Output word for word the lines from the one with "The North Face hoodie grijs/wit, Grijs/wit" to the final line of the data, both ends included, but skip the pictures.
─── Collected data ───
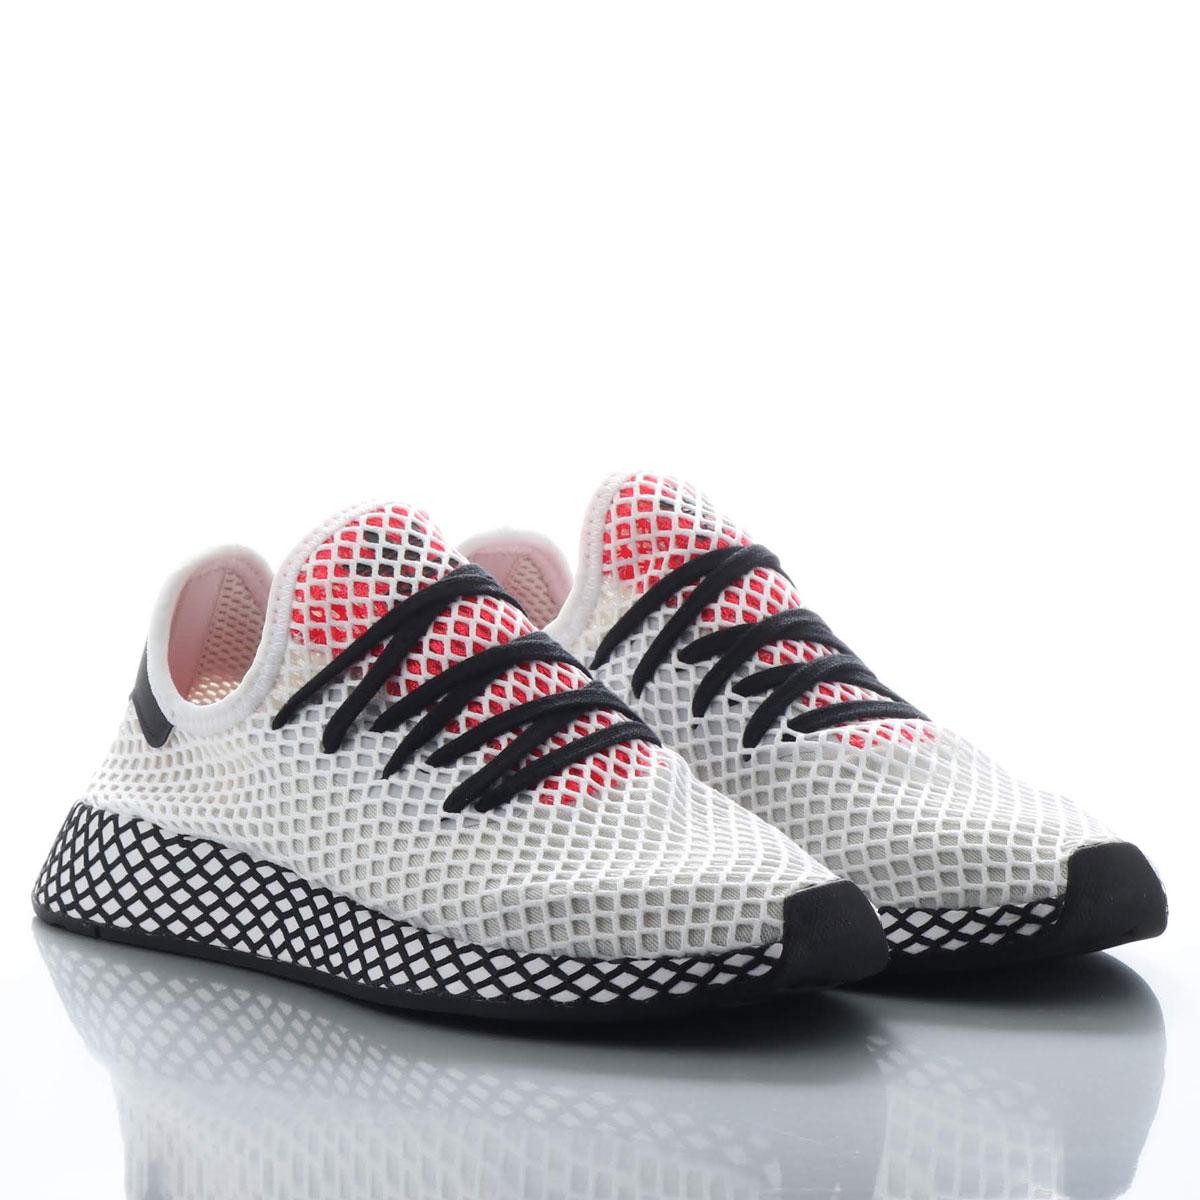 adidas Originals DEERUPT RUNNER(アディダスオリジナルス ディーラプト ランナー)RUNNING WHITE/CORE BLACK/SHOCK RED【メンズ レディース スニーカー】19SS-I
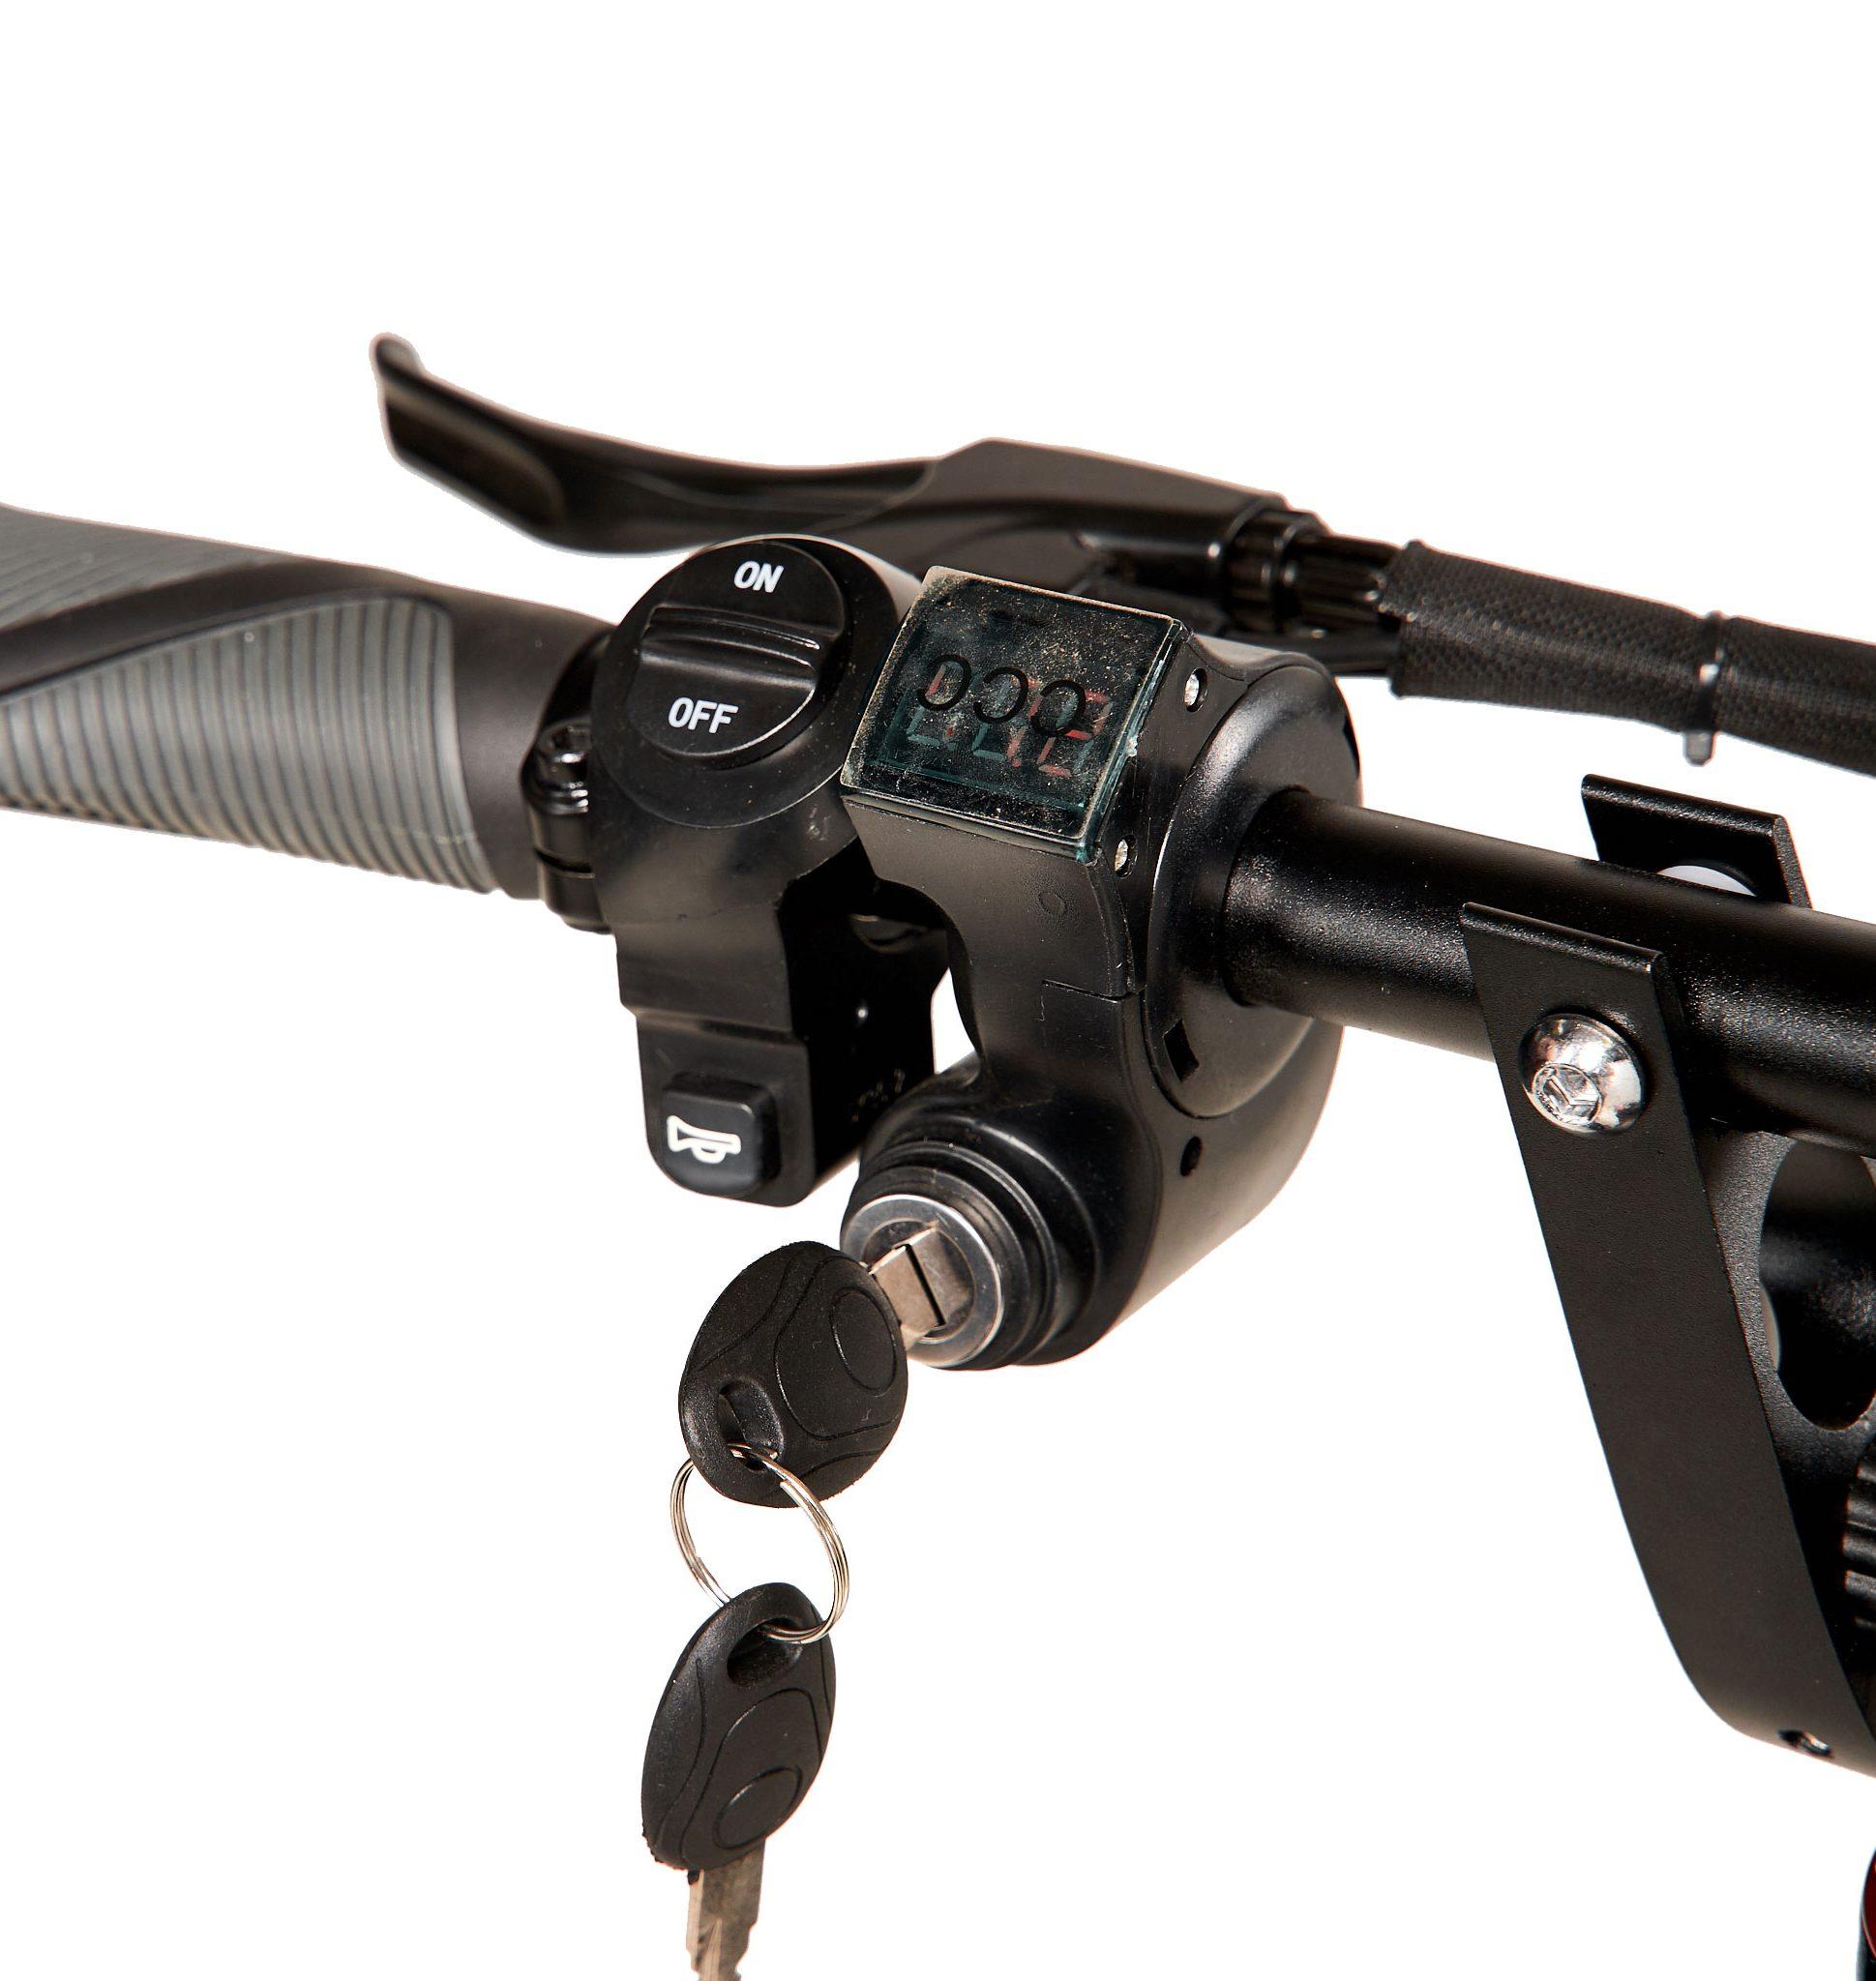 Вольтметр с ключом зажигания для Ultron T103, T10, T11, Т118, Т108, Т128
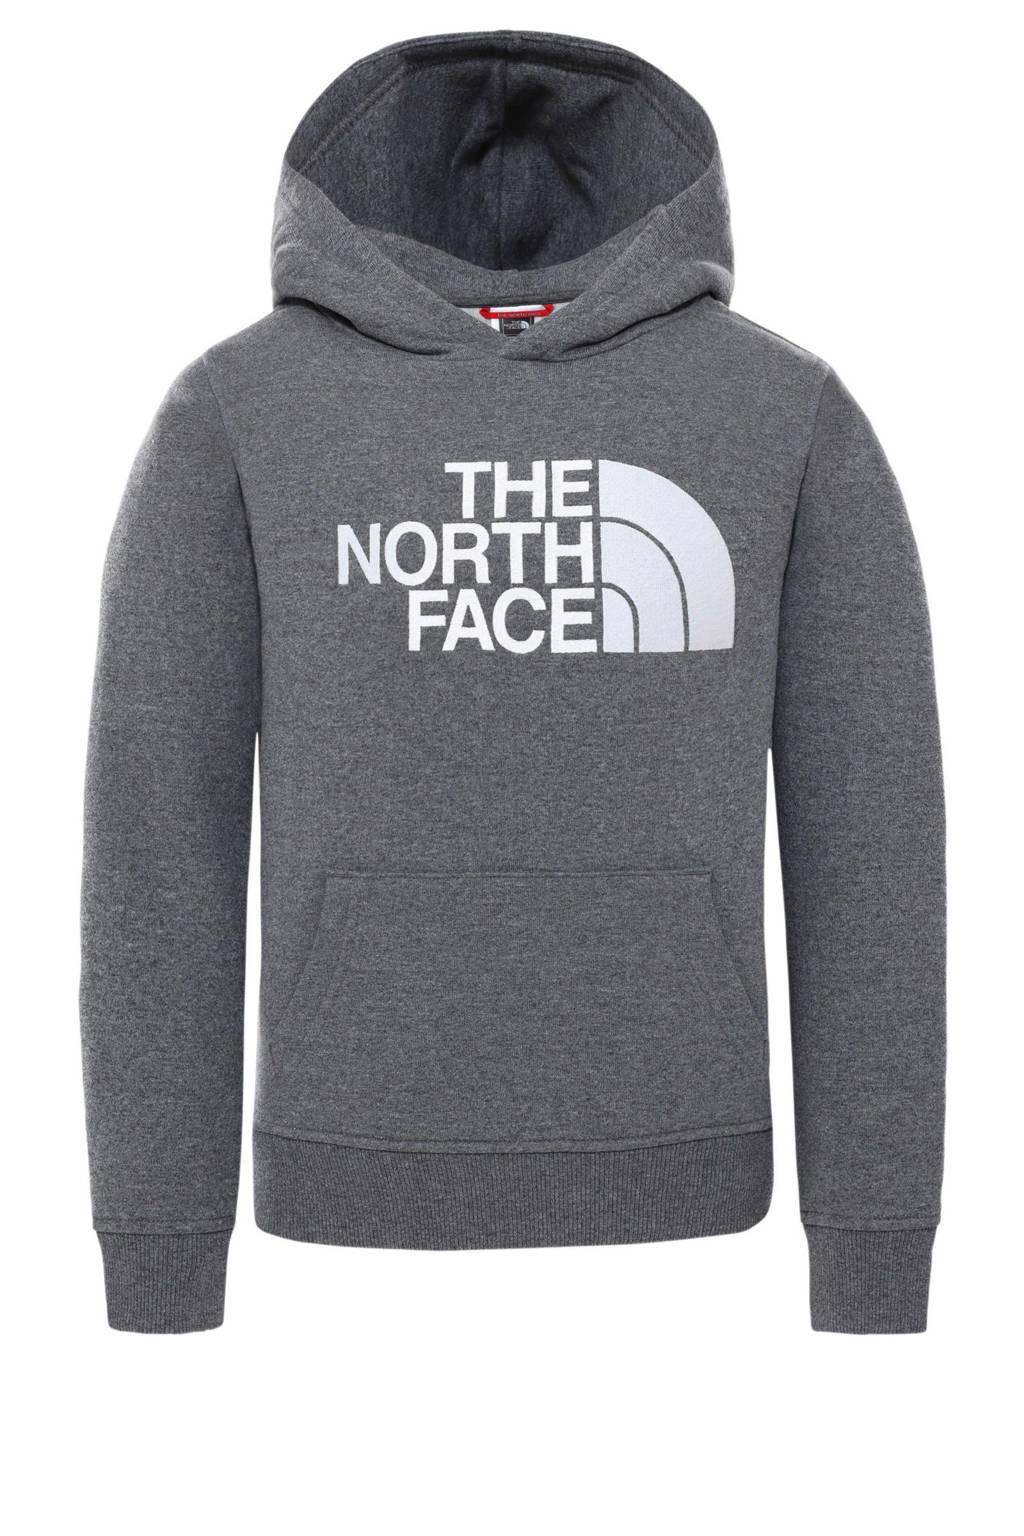 The North Face hoodie grijs/wit, Grijs/wit
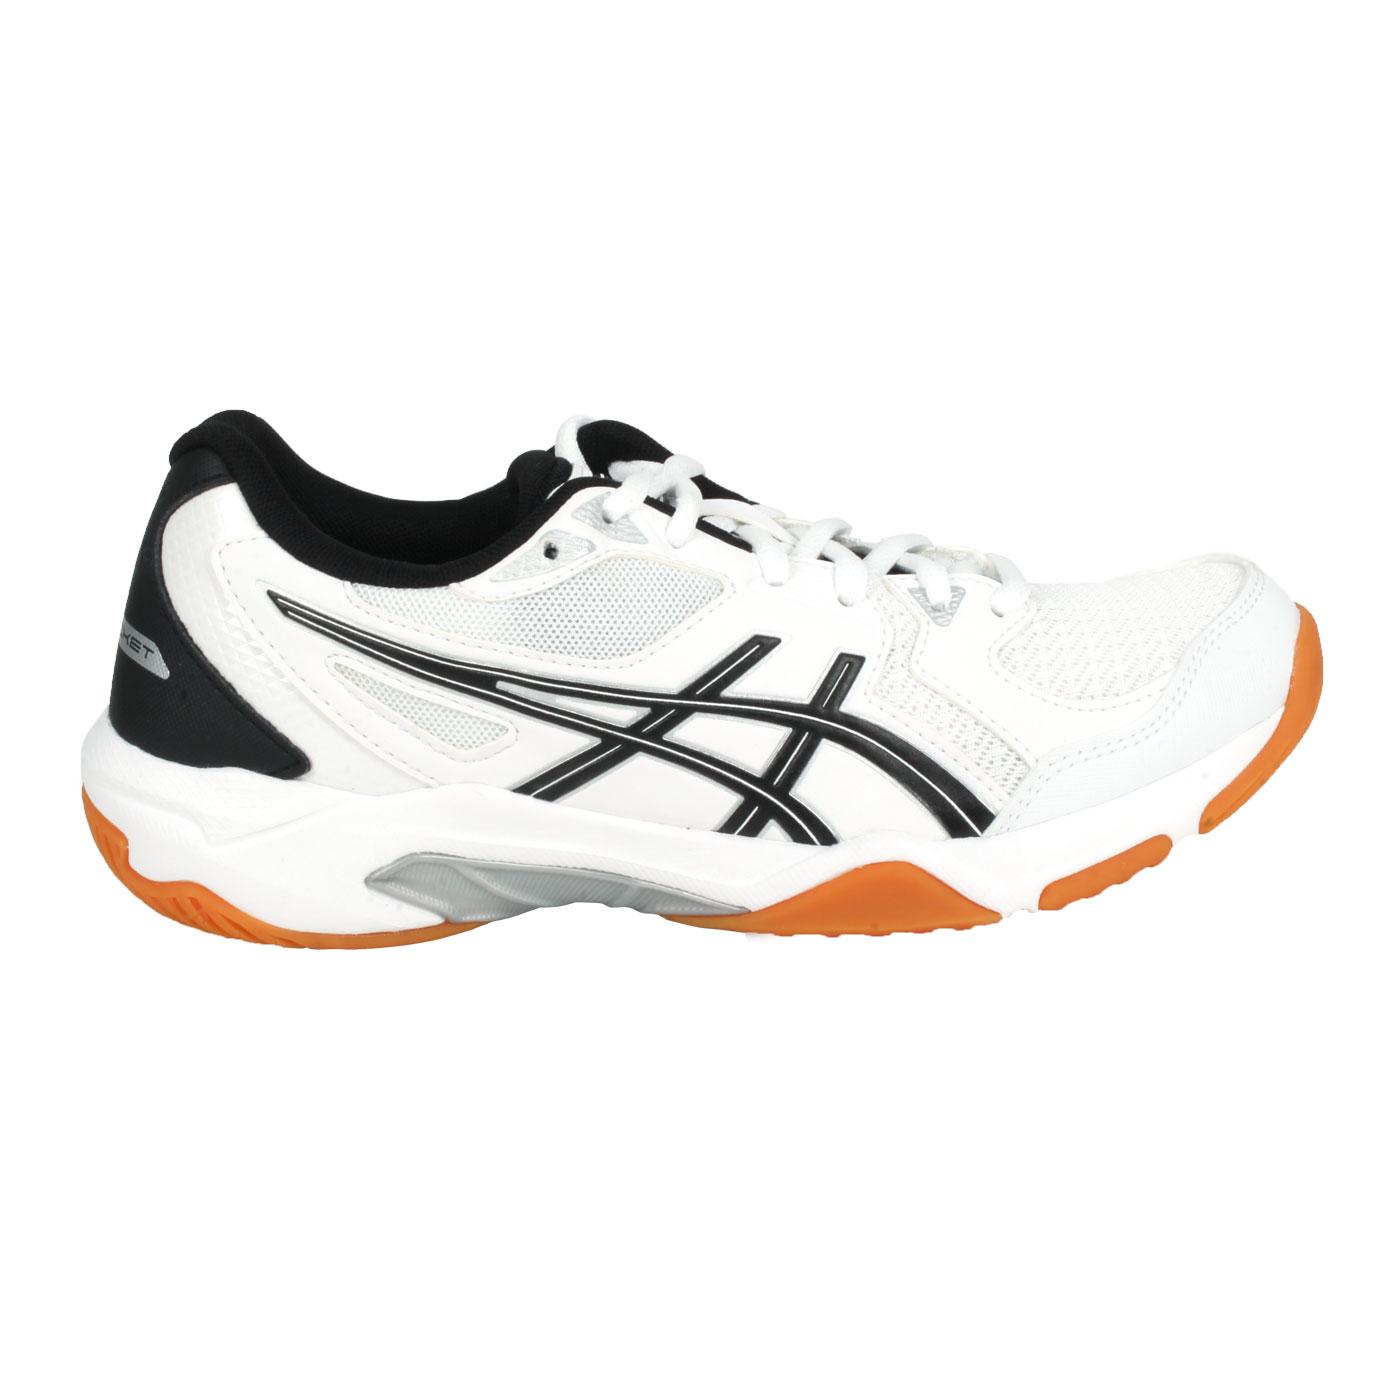 ASICS 女款排羽球鞋  @GEL-ROCKET 10@1072A056-104 - 白黑銀
───
Reply:
 The North Face hoodie grijs/wit, Grijs/wit
 ASICS 女款排羽球鞋  @GEL-ROCKET 10@1072A056-104 - 白黑銀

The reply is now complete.